### Try it
Wherever "avec" appears in the records below, copy the line that holds it.

[Start of Attachment]

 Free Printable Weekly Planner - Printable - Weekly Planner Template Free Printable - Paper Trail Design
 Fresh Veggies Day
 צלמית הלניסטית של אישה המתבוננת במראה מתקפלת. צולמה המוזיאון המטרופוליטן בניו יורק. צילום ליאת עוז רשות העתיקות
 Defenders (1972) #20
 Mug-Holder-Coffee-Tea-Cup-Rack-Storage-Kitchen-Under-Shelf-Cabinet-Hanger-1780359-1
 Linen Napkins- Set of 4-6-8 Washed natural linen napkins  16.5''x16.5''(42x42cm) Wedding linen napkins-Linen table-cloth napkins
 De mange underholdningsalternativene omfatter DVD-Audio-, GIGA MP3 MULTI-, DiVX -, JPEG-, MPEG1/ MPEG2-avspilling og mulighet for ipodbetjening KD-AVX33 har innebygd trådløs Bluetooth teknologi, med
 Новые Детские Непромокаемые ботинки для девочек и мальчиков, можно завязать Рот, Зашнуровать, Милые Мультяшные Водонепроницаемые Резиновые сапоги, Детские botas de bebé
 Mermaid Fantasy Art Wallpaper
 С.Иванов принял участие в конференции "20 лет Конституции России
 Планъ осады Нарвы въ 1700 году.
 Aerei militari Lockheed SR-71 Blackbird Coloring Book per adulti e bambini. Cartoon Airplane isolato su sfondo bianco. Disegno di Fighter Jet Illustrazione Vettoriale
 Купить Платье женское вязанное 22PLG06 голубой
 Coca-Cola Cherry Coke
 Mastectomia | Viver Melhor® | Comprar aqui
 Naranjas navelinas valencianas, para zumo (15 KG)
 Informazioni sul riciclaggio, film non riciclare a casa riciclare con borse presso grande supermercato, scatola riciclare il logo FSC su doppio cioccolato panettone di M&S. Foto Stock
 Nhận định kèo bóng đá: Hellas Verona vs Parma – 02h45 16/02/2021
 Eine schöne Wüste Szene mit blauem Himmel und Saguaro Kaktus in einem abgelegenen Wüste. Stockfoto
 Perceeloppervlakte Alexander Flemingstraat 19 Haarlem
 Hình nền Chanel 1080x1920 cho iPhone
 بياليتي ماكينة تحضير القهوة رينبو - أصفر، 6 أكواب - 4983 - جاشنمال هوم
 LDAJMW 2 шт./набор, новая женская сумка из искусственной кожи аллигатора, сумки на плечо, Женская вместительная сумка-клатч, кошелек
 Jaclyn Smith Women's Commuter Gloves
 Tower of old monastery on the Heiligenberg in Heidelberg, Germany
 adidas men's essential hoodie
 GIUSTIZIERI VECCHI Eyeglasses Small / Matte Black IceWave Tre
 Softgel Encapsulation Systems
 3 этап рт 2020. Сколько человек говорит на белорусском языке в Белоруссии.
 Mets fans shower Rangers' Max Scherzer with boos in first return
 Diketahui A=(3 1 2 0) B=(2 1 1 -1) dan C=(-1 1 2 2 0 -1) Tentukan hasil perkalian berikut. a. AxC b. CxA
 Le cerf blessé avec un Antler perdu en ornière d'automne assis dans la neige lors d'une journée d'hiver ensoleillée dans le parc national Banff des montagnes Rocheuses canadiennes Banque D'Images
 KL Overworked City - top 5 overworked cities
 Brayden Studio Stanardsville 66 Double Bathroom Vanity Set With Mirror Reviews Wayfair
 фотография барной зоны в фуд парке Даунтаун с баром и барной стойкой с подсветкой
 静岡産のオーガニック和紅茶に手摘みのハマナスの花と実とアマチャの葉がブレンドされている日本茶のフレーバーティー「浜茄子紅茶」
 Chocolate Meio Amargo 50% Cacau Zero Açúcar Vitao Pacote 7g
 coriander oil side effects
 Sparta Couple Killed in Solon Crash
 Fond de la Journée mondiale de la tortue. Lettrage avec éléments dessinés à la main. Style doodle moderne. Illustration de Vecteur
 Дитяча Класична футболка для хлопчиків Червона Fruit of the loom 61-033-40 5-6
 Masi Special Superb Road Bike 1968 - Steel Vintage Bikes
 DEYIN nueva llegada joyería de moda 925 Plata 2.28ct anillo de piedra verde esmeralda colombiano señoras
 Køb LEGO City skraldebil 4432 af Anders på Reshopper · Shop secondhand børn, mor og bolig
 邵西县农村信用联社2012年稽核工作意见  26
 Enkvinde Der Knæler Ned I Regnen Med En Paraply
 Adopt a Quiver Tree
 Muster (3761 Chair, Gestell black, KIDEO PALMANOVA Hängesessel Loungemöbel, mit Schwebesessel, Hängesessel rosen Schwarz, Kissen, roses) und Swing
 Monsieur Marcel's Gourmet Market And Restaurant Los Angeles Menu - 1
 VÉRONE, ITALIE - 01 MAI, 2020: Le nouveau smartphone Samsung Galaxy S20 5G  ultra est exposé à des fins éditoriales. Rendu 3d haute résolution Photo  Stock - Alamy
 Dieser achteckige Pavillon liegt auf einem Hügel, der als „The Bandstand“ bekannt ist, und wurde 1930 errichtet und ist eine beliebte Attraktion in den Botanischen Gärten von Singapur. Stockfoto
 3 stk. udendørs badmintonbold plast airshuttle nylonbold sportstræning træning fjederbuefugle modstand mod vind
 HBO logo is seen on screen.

[End of Attachment]

### Solution
 Le cerf blessé avec un Antler perdu en ornière d'automne assis dans la neige lors d'une journée d'hiver ensoleillée dans le parc national Banff des montagnes Rocheuses canadiennes Banque D'Images
 Fond de la Journée mondiale de la tortue. Lettrage avec éléments dessinés à la main. Style doodle moderne. Illustration de Vecteur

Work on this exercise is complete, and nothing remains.